Midtown residents say Canada Square should be redeveloped as a ‘town centre’

Working group says redevelopment should include a school, public and community space, and an institute for higher learning


Andy Gort, President of the South Eglinton Residents and Ratepayer Association, said an application to redevelop Canada Square won’t fill the community’s needs. – David Nickle / Metroland File Photo

A coalition of residents in the Yonge Street and Eglinton Avenue neighbourhood are asking the city to make potentially big changes on the city-owned Canada Square site on the south-west corner of the intersection – and put a hold on any application to redevelop the land by its long-term lease-holder, Oxford Properties.

Oxford’s $2.5 billion proposal would sit on top of the Eglinton subway station on Toronto’s Line 1 and see four massive residential towers – 70, 60, 54 and 45 storeys tall – along with 12.1 hectares of open space, 1,000 square metres of community space and replacing the office use that’s on the site now. 

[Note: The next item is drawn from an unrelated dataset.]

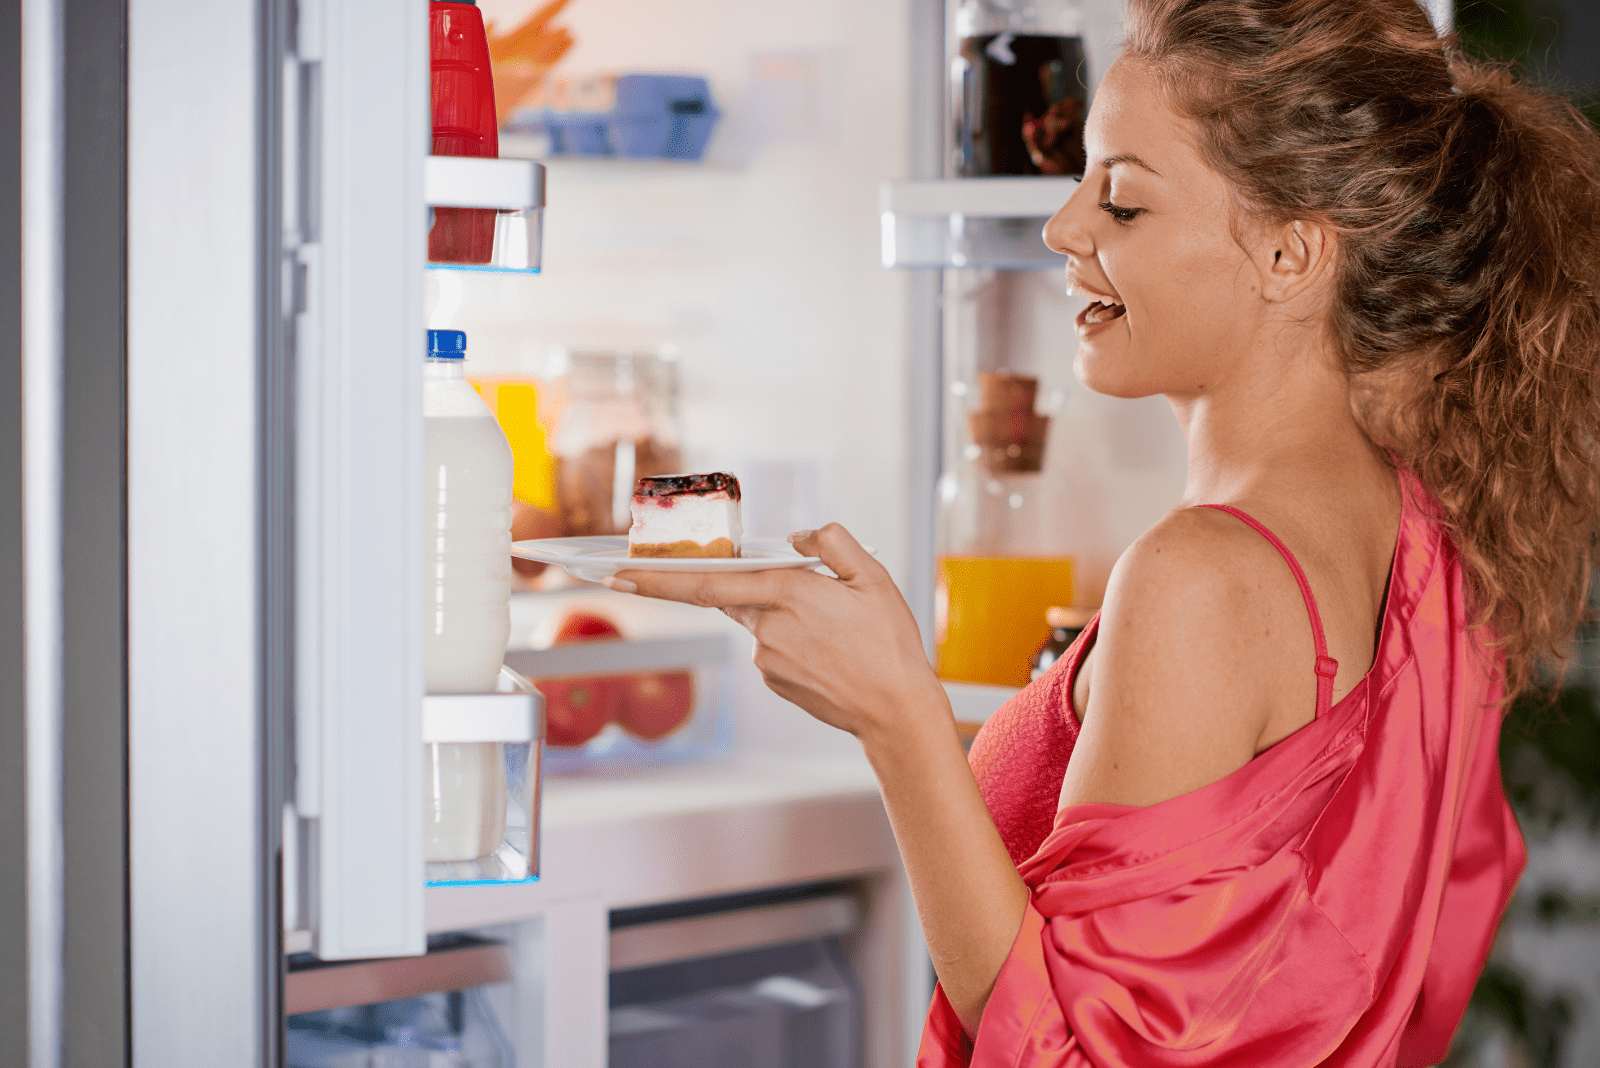 a smiling woman takes a cake from the fridge

But for the coalition of residents who came to Toronto’s Planning and Housing Committee June 28, that wasn’t enough to push back against the substantial growth in high-density residential developments that has so far not been accompanied by social and public infrastructure.

“We have found that the application doesn’t really respond to (our comments) since 80 per cent of the application is residential, and only 1,000 square metres is community space – and employment replacement is less than what’s there today,” said Andy Gort, president of the South Eglinton Ratepayers and Residents Association.

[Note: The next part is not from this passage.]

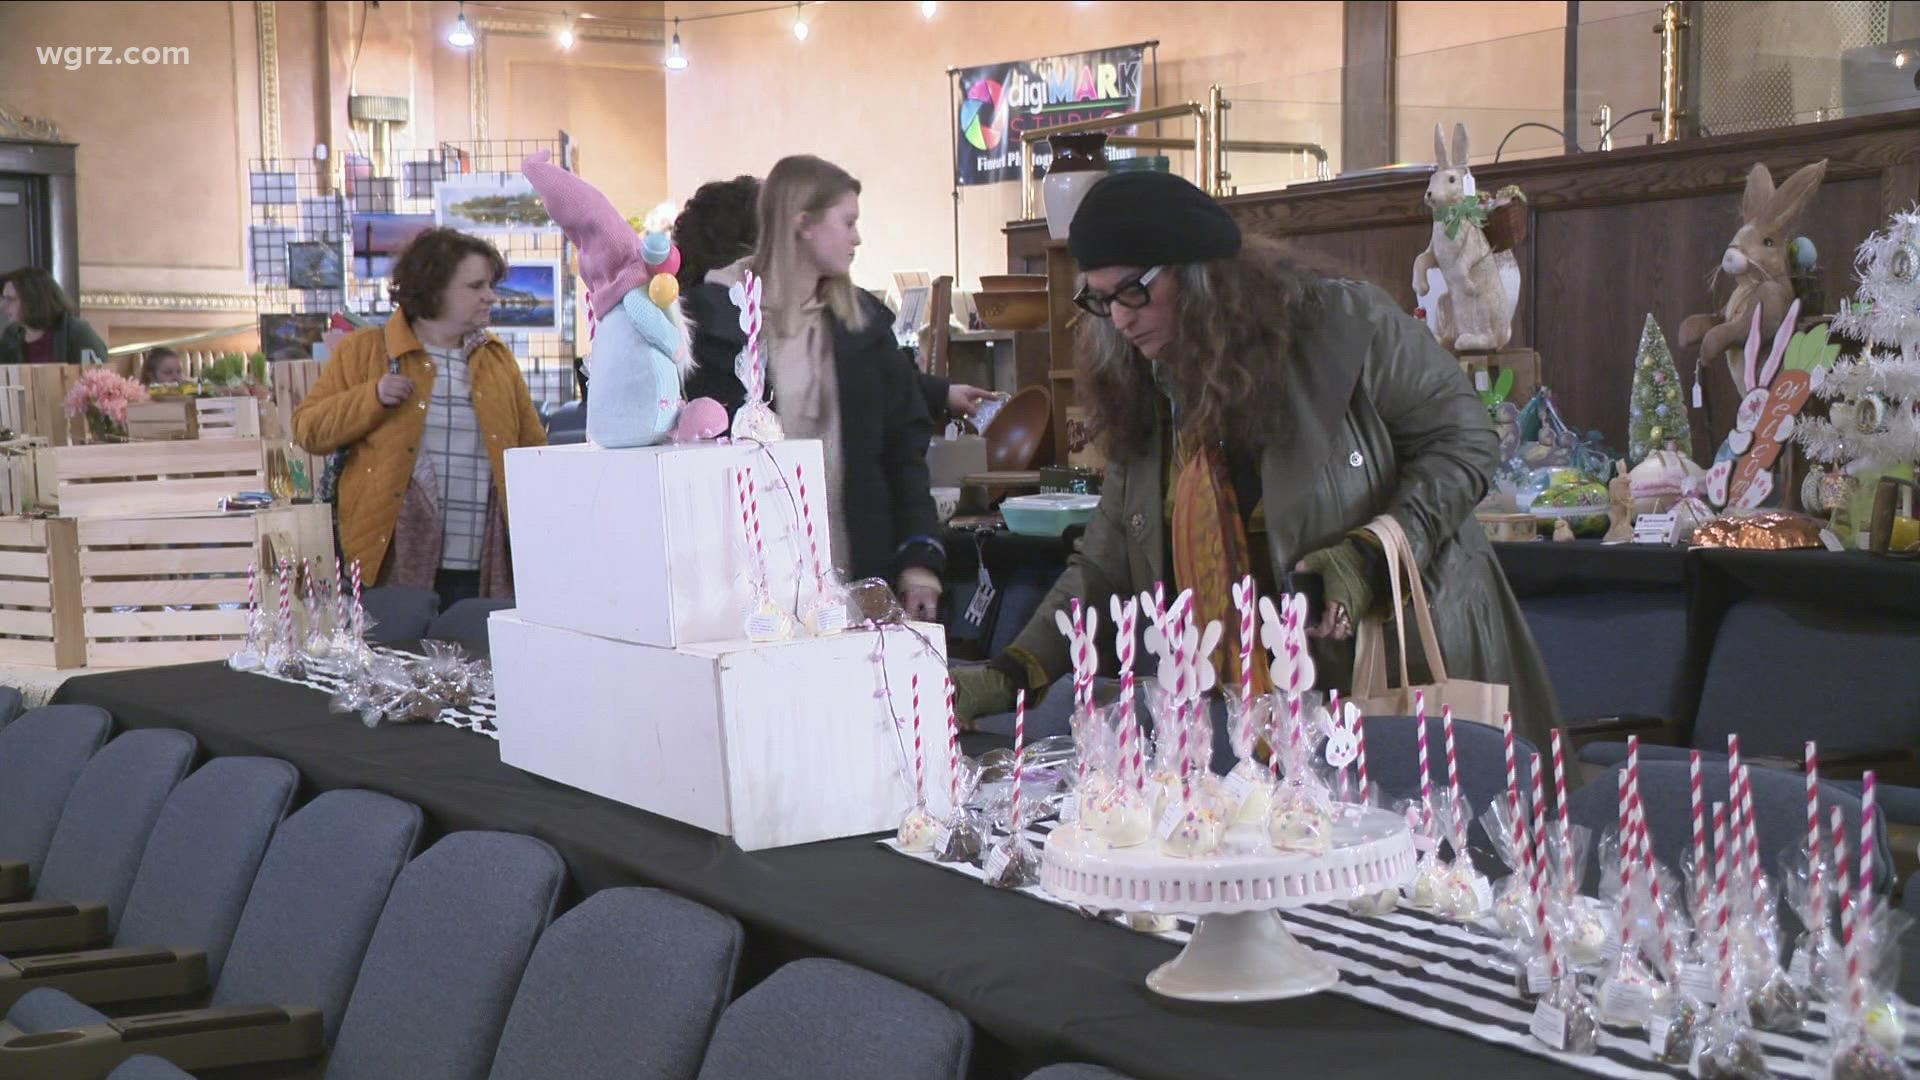 Rustic Buffalo Artisan Market is celebrating the Palace Theater by turning it into a store front! 120 local vendors setup shop for the weekend to help raise funds.

Gort was at the committee in support of recommendations from the Canada Square Special Study Area Working Group – a group of homeowners, tenants and business leaders that came together from the three city wards that cover the mid-town community. 

The group was formed in early May to deal with the fallout from the provincial government’s decision to overrule Toronto’s Midtown Study – another consensus-driven plan for the fast-growing community that addressed the need for basic infrastructure to match residential development.

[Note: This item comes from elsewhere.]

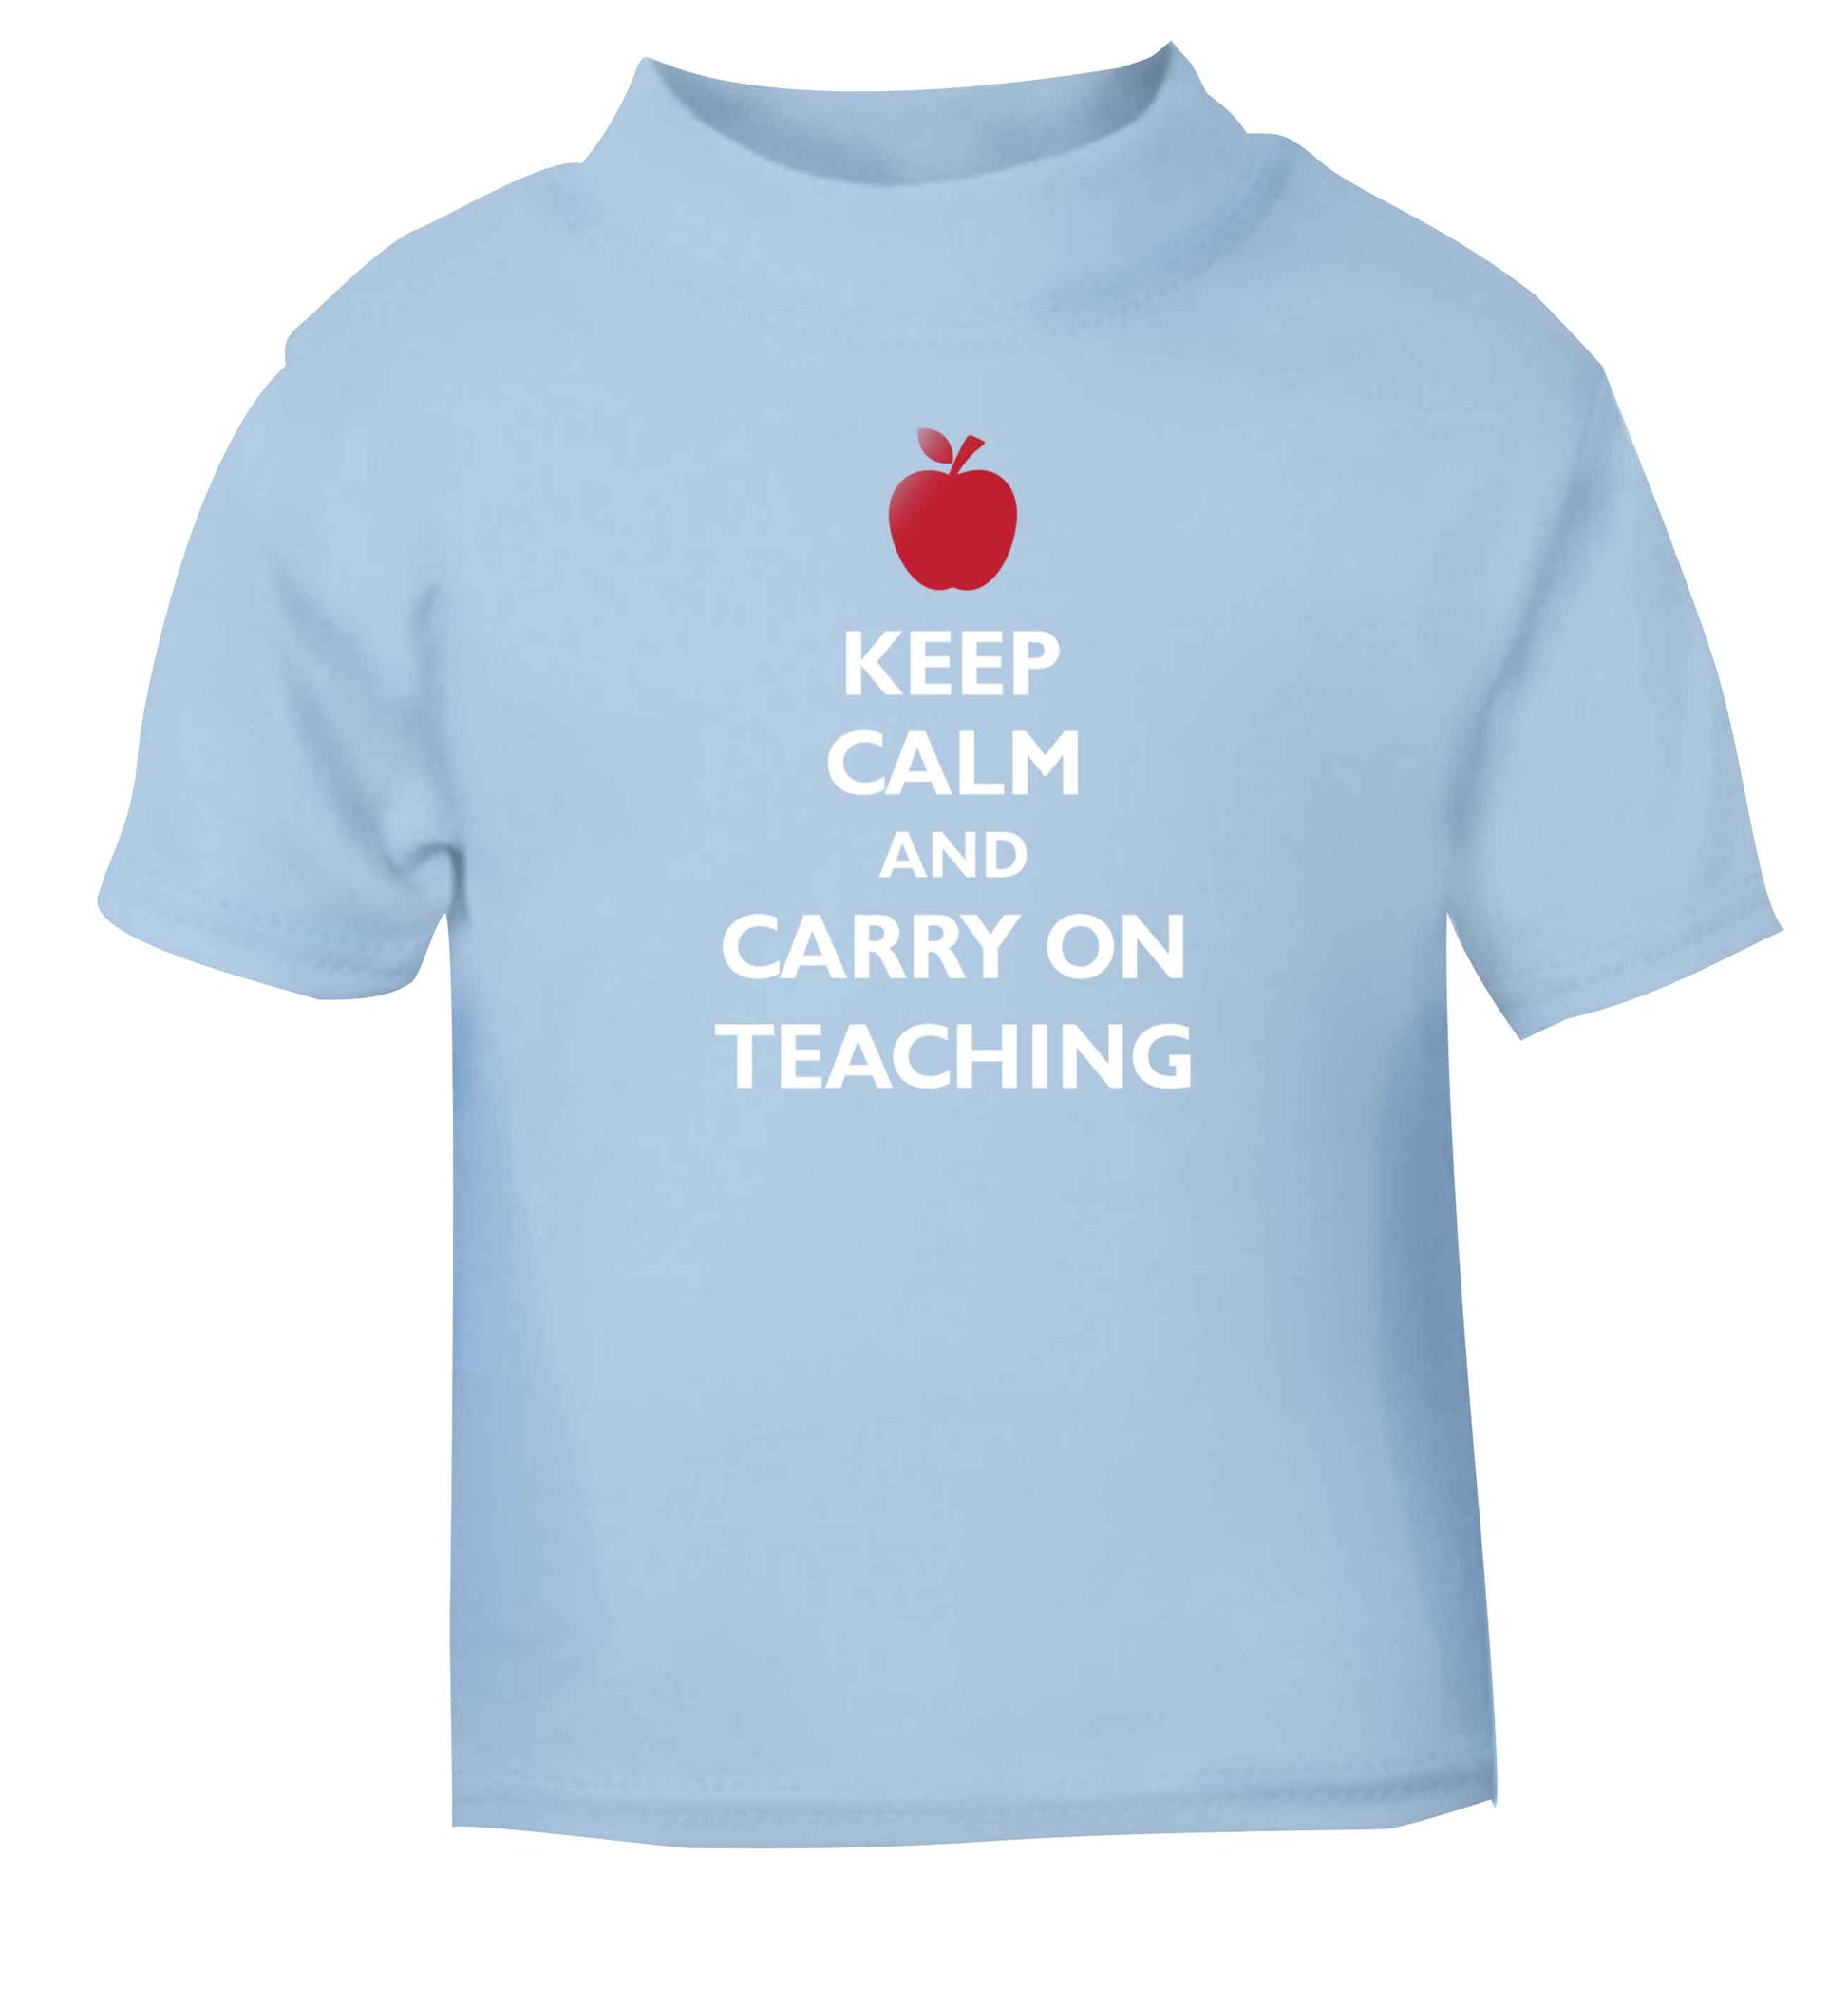 Keep calm and carry on teaching light blue baby toddler Tshirt 2 Years

Because the province’s decision to designate midtown as a provincial growth area and thereby limit the city’s authority to control development on privately-held land, the working group focused on the significant publicly-held lands at Canada Square – at 2180-2210 Yonge St., 15 Eglinton Ave. W., and 20 and 46 Berwick Ave.

Over the course of four meetings over the late spring of 2021, the group came up with a set of priorities for the land that Oxford is proposing to redevelop.

The site should become a new Town Centre for Midtown Toronto first and foremost, with a public square, parkland and open space, a higher-learning incident, community facilities, cultural and performing arts spaces, with a new elementary school and a limit on residential development.

Ann King,  a tenant representative of the Stanley Knowles Housing Cooperative said the affordable housing component was key.

“There is an abundance of residential housing and more on the way – we are under siege by developers whose primary goal seems to be to put up more towers, but one thing that’s in short supply is affordable housing,” she said. 

The three local councillors – Josh Matlow, Mike Colle and Jaye Robinson – supported an immediate endorsement of the plan holding off on moving ahead with Oxford’s plans until city planners could assess ways to incorporate the priorities of the working group.